# Advice for puppy and kids? Tips on fostering good relationship?



## fam6 (Apr 25, 2013)

Hi! We're getting a spoo puppy in a few weeks. I've been reading a few past threads on spoo's and biting/nipping small children and it's honestly scaring me a bit. We have a baby, 4yo and 7yo. I know that they should never be left alone with the puppy and we will do our absolute best to make sure that doesnt happen. If that means putting puppy in the crate at certain times or gating him or the kids off so they're not together, or keeping the puppy tethered to me, then i will do it. The baby will have no physical contact with the puppy as he is in a pulling hair kind of phase and i dont want him to hurt the pup. He's much too young to be taught how to be gentle so no contact is better than hurting him. How could i help foster a good relationship between the other two(4yo and 7yo) and the puppy? How could i prevent our spoo from using them as a chew toy? What are things i need to teach my children in order for them not to encourage such behaviour? I want my kids to feel and be safe around the dog but vice versa as well. What can we do to make sure our spoo knows his place in the hierarchy of our household? We are willing and ready to put the effort to make this puppy into the best family dog. We've chosen a great breeder but it's up to us to make him a great dog. Any help and advice is greatly appreciated! Thank you!!


----------



## Wild Kitten (Mar 13, 2014)

Dr Sophia Yin has some great downloadable free posters with fun illustrations that could help you explain things to children: 

Download Posters: How Kids Should and Should Not Interact with Dogs

And here are the rest


----------



## kcp1227 (Jan 25, 2013)

My kids are 3 and 5 and our puppy is nearly 5 months old. This has been a struggle, but it is manageable. The biggest problem I have is that when the kids run, the puppy chases and then catches them. Dash is very persistent and the yelping didn't help and the standing still like a tree didn't help. Tethering would probably have worked the best, but I wanted him to play with the kids and not think he wasn't allowed. A sharp no is what works the best when he starts mouthing them. My 5 year old is best at asking for help when he starts up, but my 3 year old prefers to scream bloody murder which only causes puppy to get even more excited. It's been a struggle, but he is getting better. He and my 3 year old are just like brothers who pick and pick until someone gets hurt lol. Puppies and kids are difficult to raise together, but it's been fun and will be rewarding. 
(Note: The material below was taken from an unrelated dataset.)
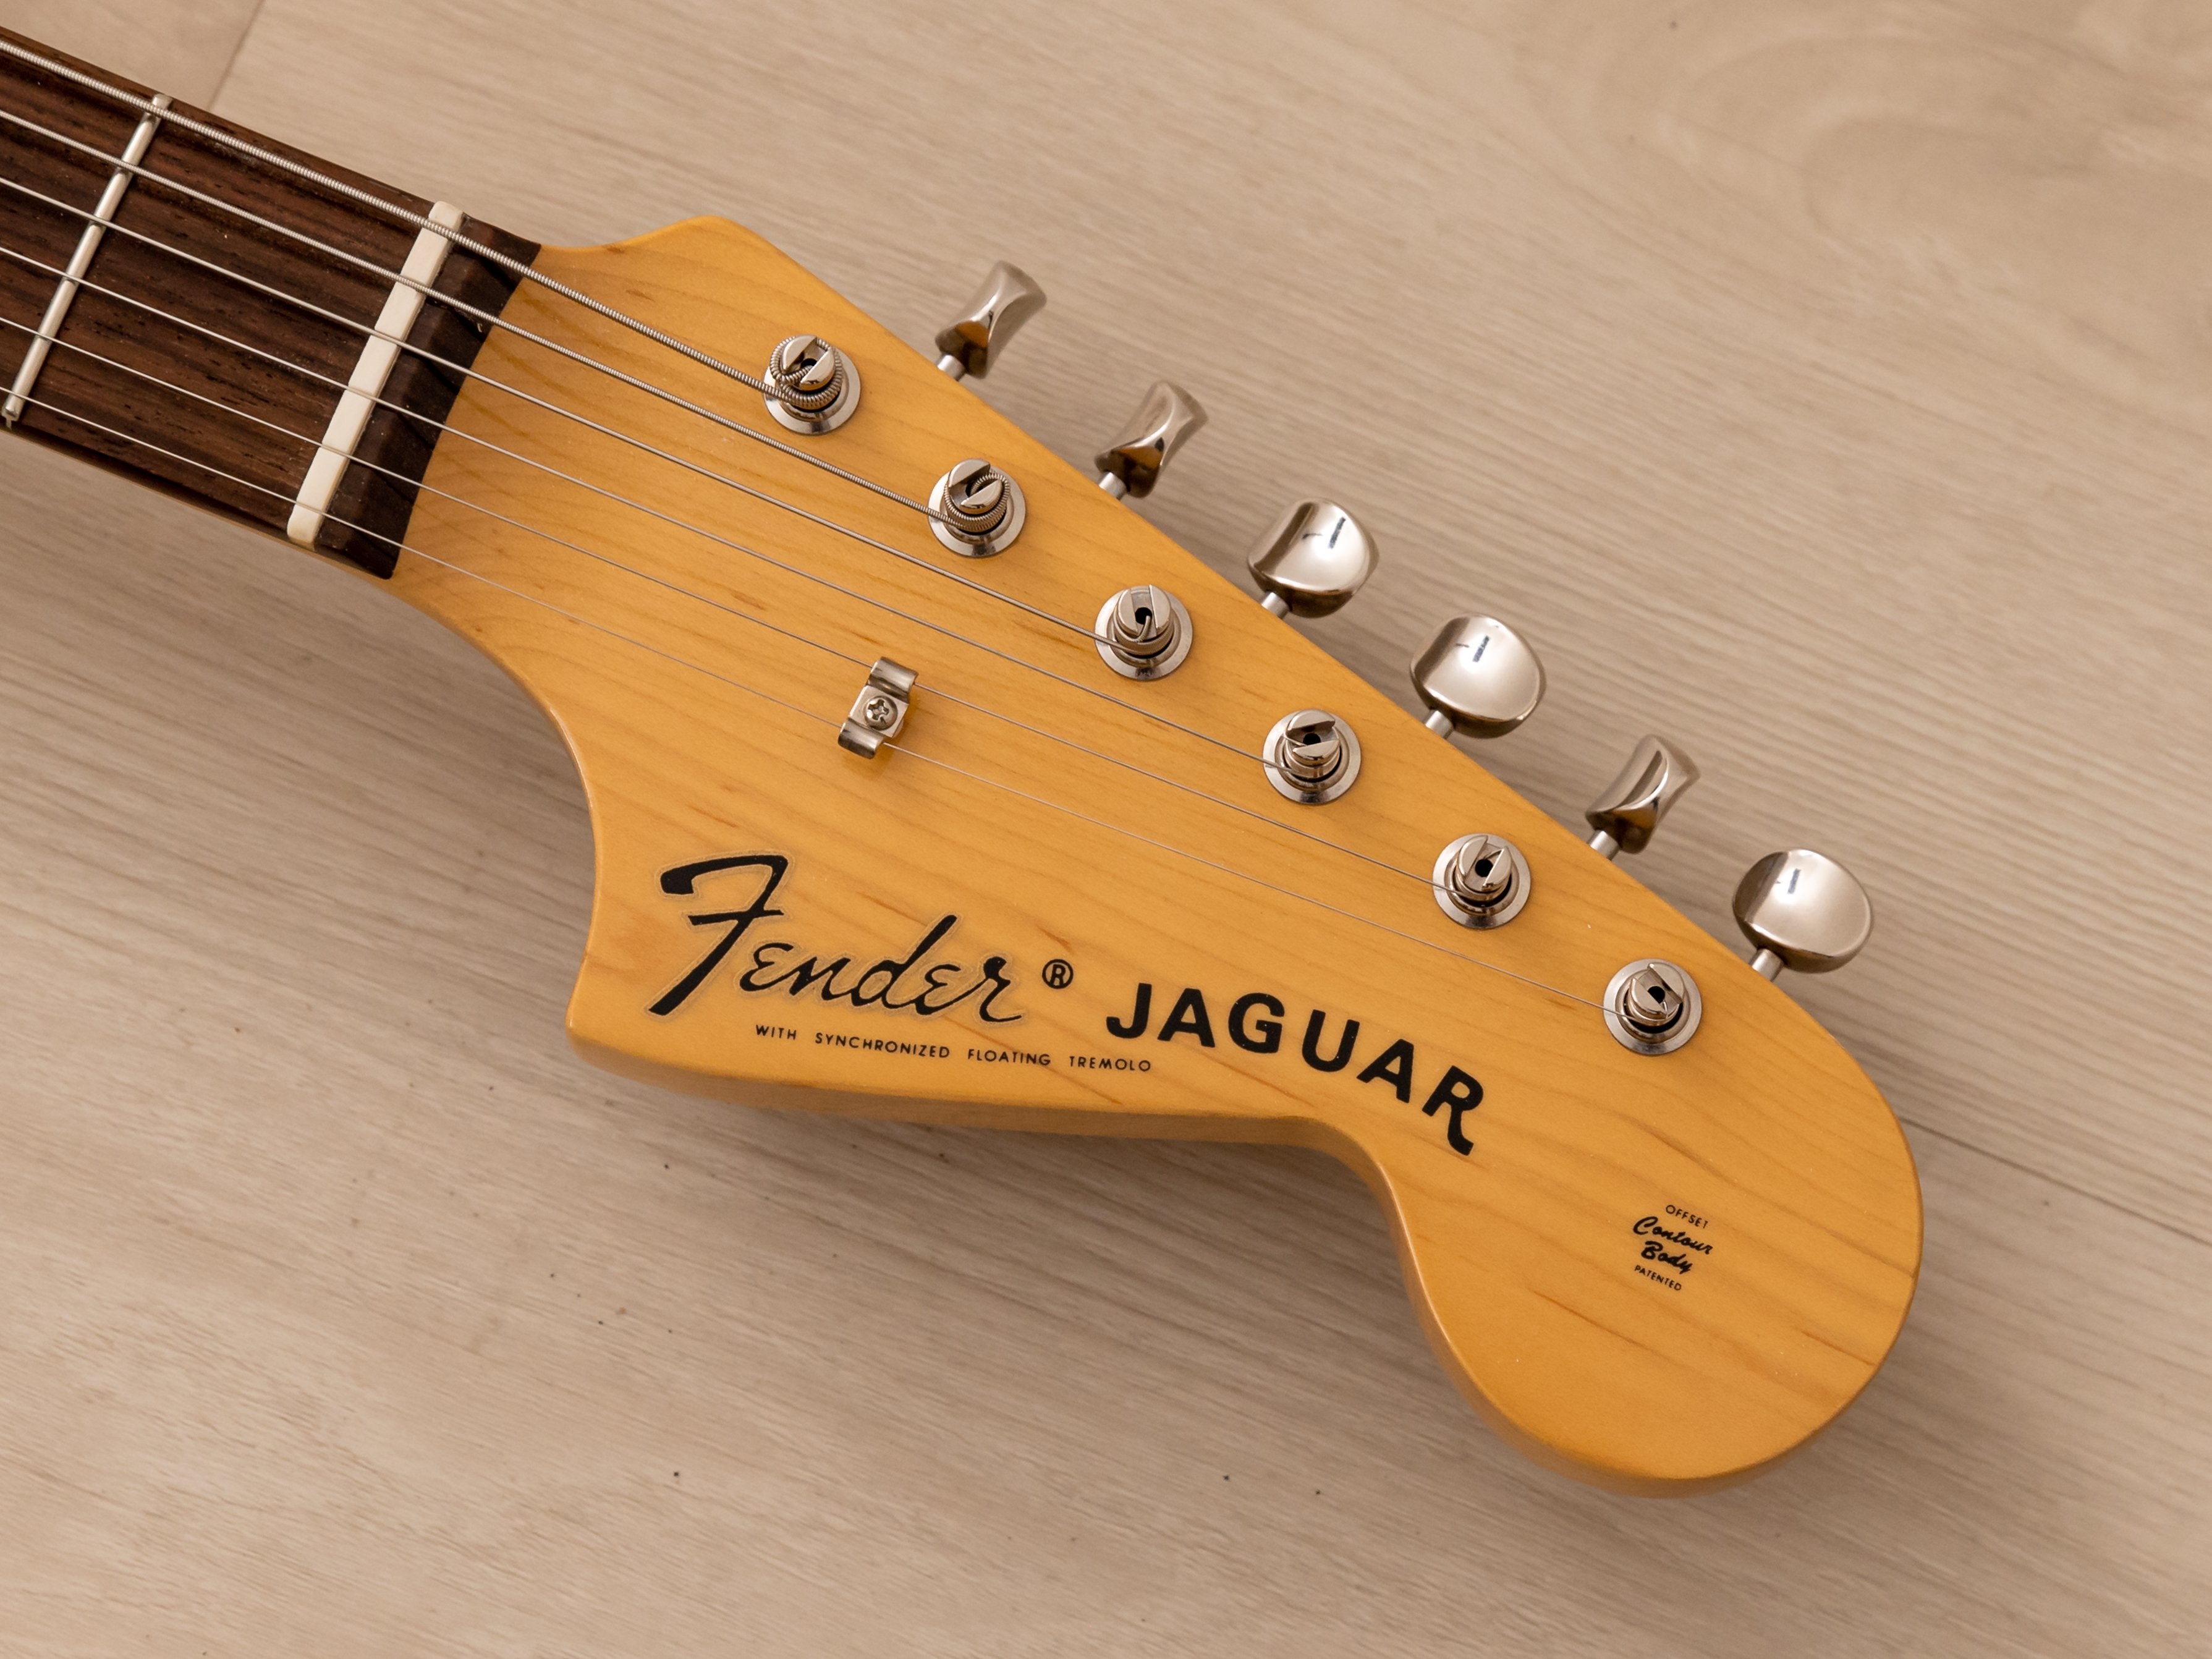 2004 Fender Jaguar Limited Edition Antigua JG66 Offset Guitar Near-Mint w/ G&G Case, Japan CIJ

Sent from Petguide.com Free App


----------



## fam6 (Apr 25, 2013)

My kids get rambunctious too and my husband gets in on the action many times as well. My plan was to let puppy stay in his kennel with a chew toy during those times. His kennel is in the living room so he'll be with us just not playing directly with them. I really want to teach my kids to respect the puppy and to play with him gently and calmly, as they would with their baby brother. I read earlier a few posts on spoos growling at kids. That is one thing i want to prevent. As i teach and he learns commands, they'll take part and give him commands as well and reward with treats. They'll take turns feeding him and even hand feeding him and touching his food, etc. Ian Dunbar suggests he eat near the family and not alone. My kids will help me in gently handling his ears, mouth, paws, etc. I expect him to mouth and nip because he's a puppy and that's normal. I've begun telling my 2 what to do if he bites them(yelp and turn back/stand like tree). We'll probably start role playing it with one of their stuffed animals too. In what other ways can i help both sides respect each other?


----------



## fam6 (Apr 25, 2013)

This is all a "plan." Not sure if i will effectively follow through but i need a list of do's and dont's.


----------



## kcp1227 (Jan 25, 2013)

My pup has never growled at my kids, and my kids are generally very gentle (my 3 year old can get rough but i intervene immediately). My kids are very good about having Dash sit for a treat and they also like to help with feeding him and have him sit for that as well. So it's not all chaos all the time lol. Mostly Dash just follows me around everywhere haha


Sent from Petguide.com Free App


----------



## fam6 (Apr 25, 2013)

kcp, i didnt meant to point you out. I think i need to take a break in searching for certain subjects because im giving myself some anxiety. lol I just need a plan to follow. I bought the book How to Teach an Old Dog New Tricks by Ian Dunbar. Hubby and I will start reading tomorrow. We will definitely take the puppy to obedience school as well, for us and for him.  Im open to any other advice or tips when dealing with kids and puppies. Thanks!!


----------



## poolann (Jan 31, 2013)

It sounds like you have a good plan! I only have 4 legged children but we encourage folks at the training school to get their kids involved. Puppies are mouthy creatures with sharp teeth. You are on the right track teaching them now how to react! I was raised with German Shepherds and always supervised with them when I was little. My mother had a dog when I was born that wanted nothing to do with me at all! Keep in mind that she was around 4 when I came along & had been my mother's baby lol. Most of the dogs after that were accepting of children in their previous home or raised with me so they were fine. I was taught not to mess with them when they went to their crates because that was their own private space. I was also taught to be gentle, not to ever tease, to sit down while holding them, no tail or ear pulling, etc. Starting with a puppy & teaching all parties respect is great! Again, I really do think you are on the right track!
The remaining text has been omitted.